Zero-data-retention for prompts: Prompt content containing PHI must not be retained after the session concludes. This means no logging for safety monitoring involving human review, and no storage in training pipelines.
Output ownership: Clinical notes and analyses generated from institutional data are institutional property. Vendor agreements should not claim ownership of AI-generated outputs based on institutional inputs.
Algorithmic change notification: The vendor must notify the institution before making significant model changes that could affect clinical outputs. An unannounced model update in a clinical workflow integration is a safety event.
| Contract Provision | Risk Addressed | Negotiability |
|---|---|---|
| No-training on customer data | PHI memorization in model weights | Mandatory |
| Zero-data-retention for prompts | PHI leakage through session logging | Mandatory |
| Output ownership by institution | IP rights to AI-generated clinical content | Mandatory |
| Right to audit | Verify data handling compliance | Required for high-risk use |
| Algorithmic change notification | Unexpected behavior change in clinical AI | Required for clinical integration |
| US-only data residency | Jurisdictional compliance | Required for restricted data |
17.7 TEFCA and the Nationwide Exchange Layer
The Trusted Exchange Framework and Common Agreement — TEFCA — established a network of Qualified Health Information Networks (QHINs) for nationwide clinical data exchange when it went live in 2023 (Office of the National Coordinator for Health Information Technology 2023). Epic’s Nexus Health Network, Health Gorilla, Oracle Health, and a handful of other organizations have received QHIN designation, creating for the first time a governed national pipe through which clinical data can flow across institutional boundaries.

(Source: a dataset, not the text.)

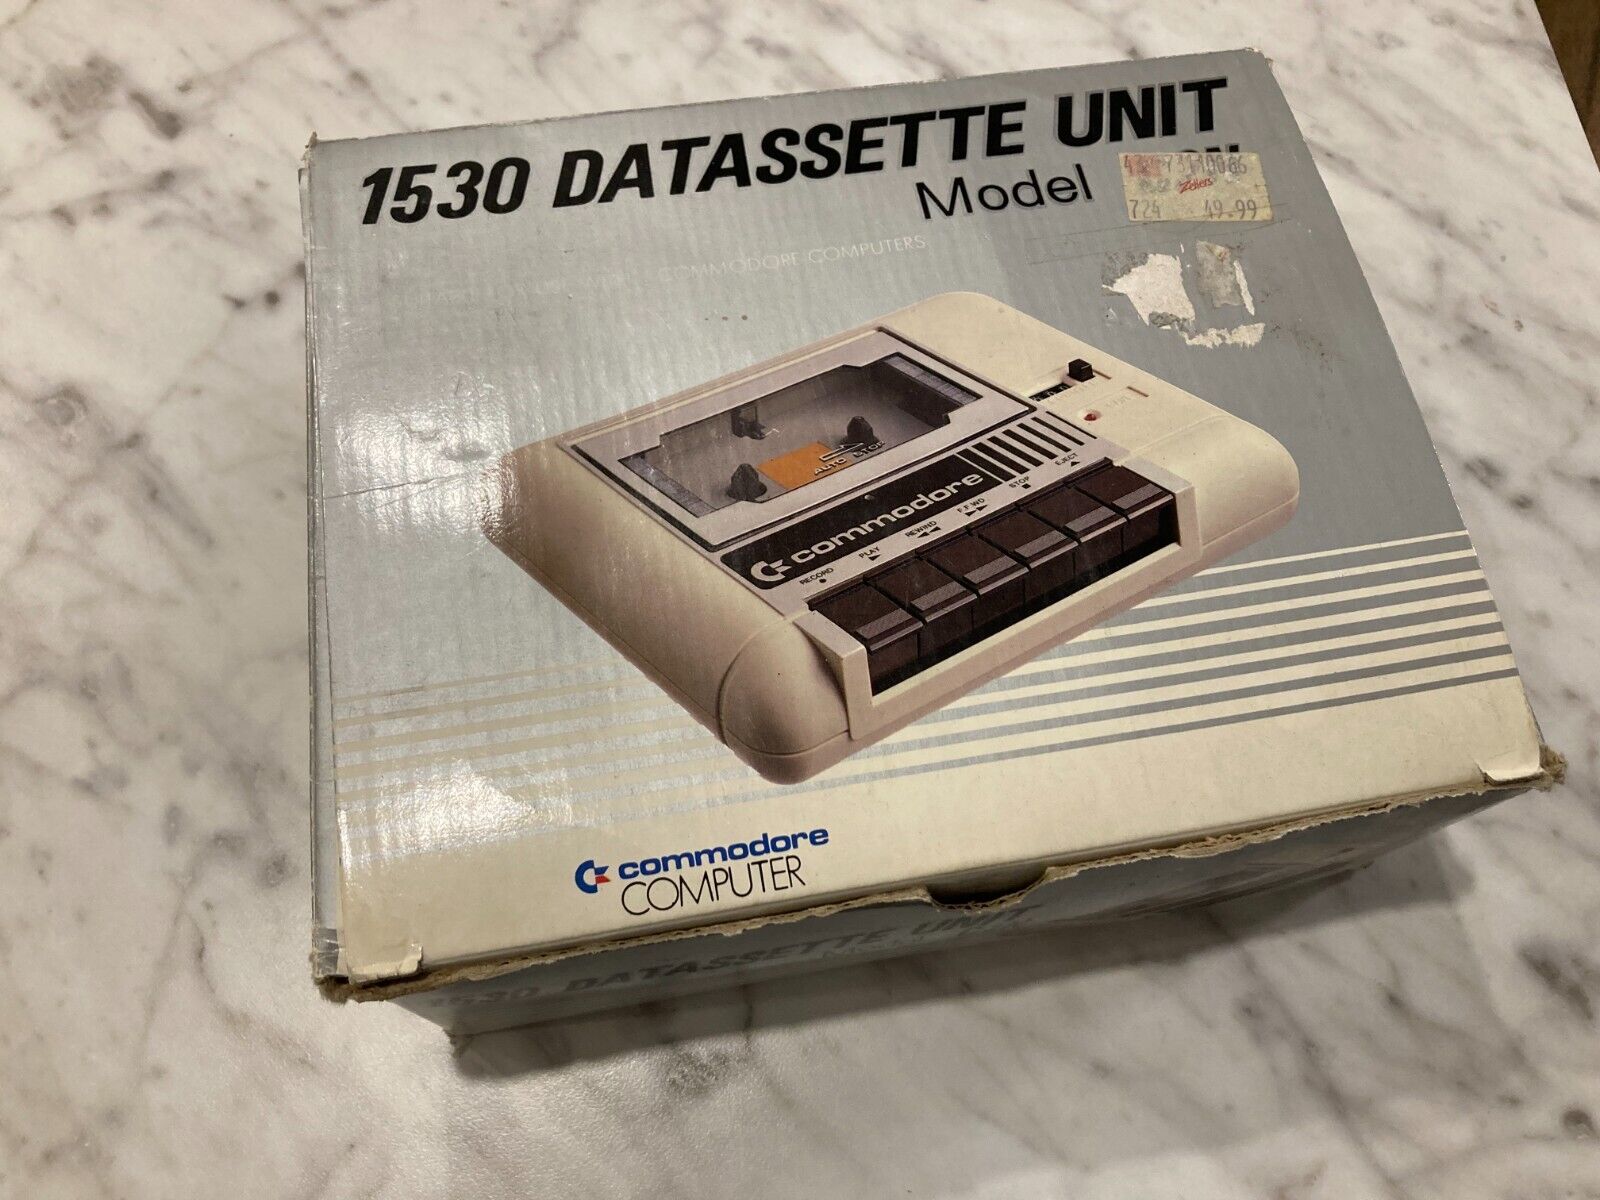 Commodore 1530  Datasette Unit With in Original Box with Manual

The implications for AI data access are significant, and more complicated than they appear. TEFCA defines a set of permitted Exchange Purposes — Treatment, Payment, Health Care Operations, Public Health, Individual Access, and a handful of others — that determine under what conditions data can be queried across the network. Research is notably absent from the permitted purposes for nationwide exchange in the current framework. An AMC that wants to use TEFCA-accessed data to train or validate an AI model is operating in legally ambiguous territory unless it can characterize the use as Health Care Operations, a framing that has a defined statutory meaning and does not extend to all AI development activities.

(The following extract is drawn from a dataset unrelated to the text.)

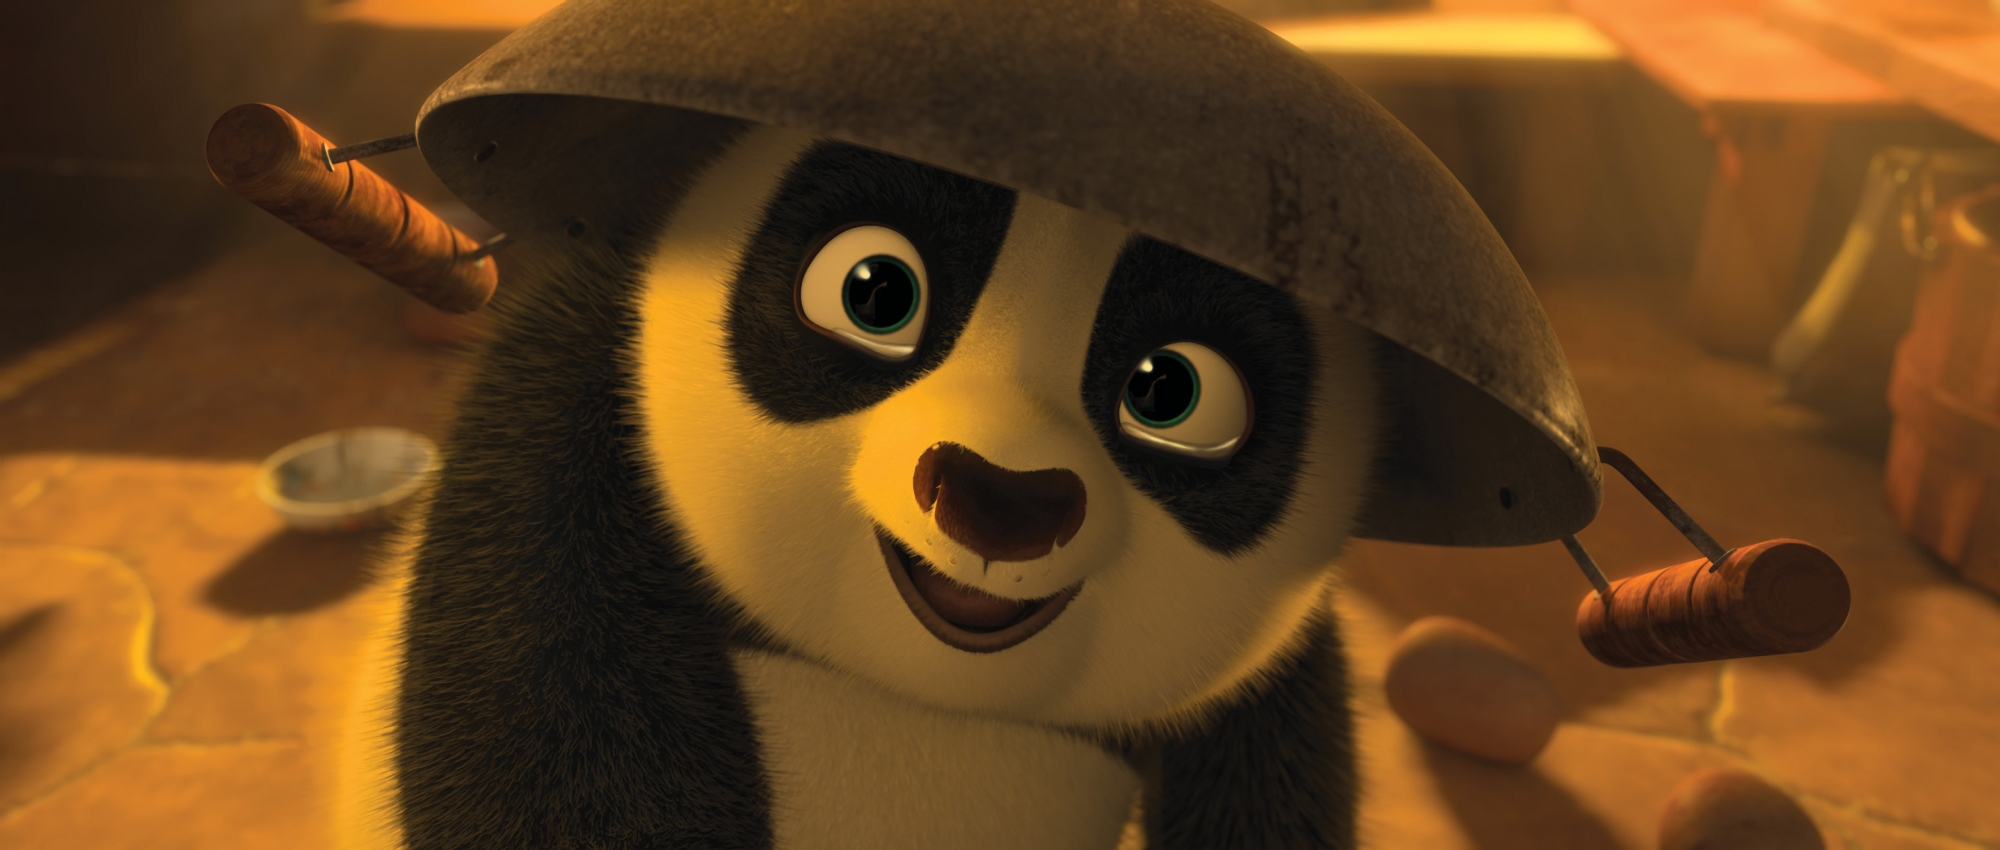 Send A KUNG FU PANDA 2 Mother's Day E-Card & Check Out This New Image

The practical implication is that TEFCA is most immediately useful for clinical AI applications that operate at the point of care — retrieving a patient’s medication history from an external health system to inform a clinical decision, for example — and least immediately useful for the large-scale data aggregation that model training requires. AMCs participating in AI research consortia will need to route their data sharing through existing research frameworks — IRB oversight, data use agreements, OMOP standardization — rather than through TEFCA’s exchange infrastructure, at least until research is added as a permitted exchange purpose.
The QHIN connection that TEFCA requires does, however, create an infrastructure opportunity for AI governance that did not exist before: every query that passes through a QHIN- connected endpoint is logged. For the first time, the institution has a national-scale audit trail for the external data it accesses. That audit trail is an asset for the AI governance program, providing evidence of the provenance of external data inputs to clinical AI systems in a way that was previously unavailable.
17.8 The NIH Data Management and Sharing Policy Tension
NIH’s Data Management and Sharing Policy, which took effect in January 2023, requires that all research conducted with NIH funding produce a data management plan and share the resulting scientific data to the extent permitted by law and subject to privacy and ethical constraints (National Institutes of Health 2020). The policy was written to address the reproducibility crisis in biomedical science — if every investigator shared their data, more findings could be independently verified. In the AI context, it creates a specific governance problem: what counts as “scientific data” when the research involves training or fine-tuning a language model?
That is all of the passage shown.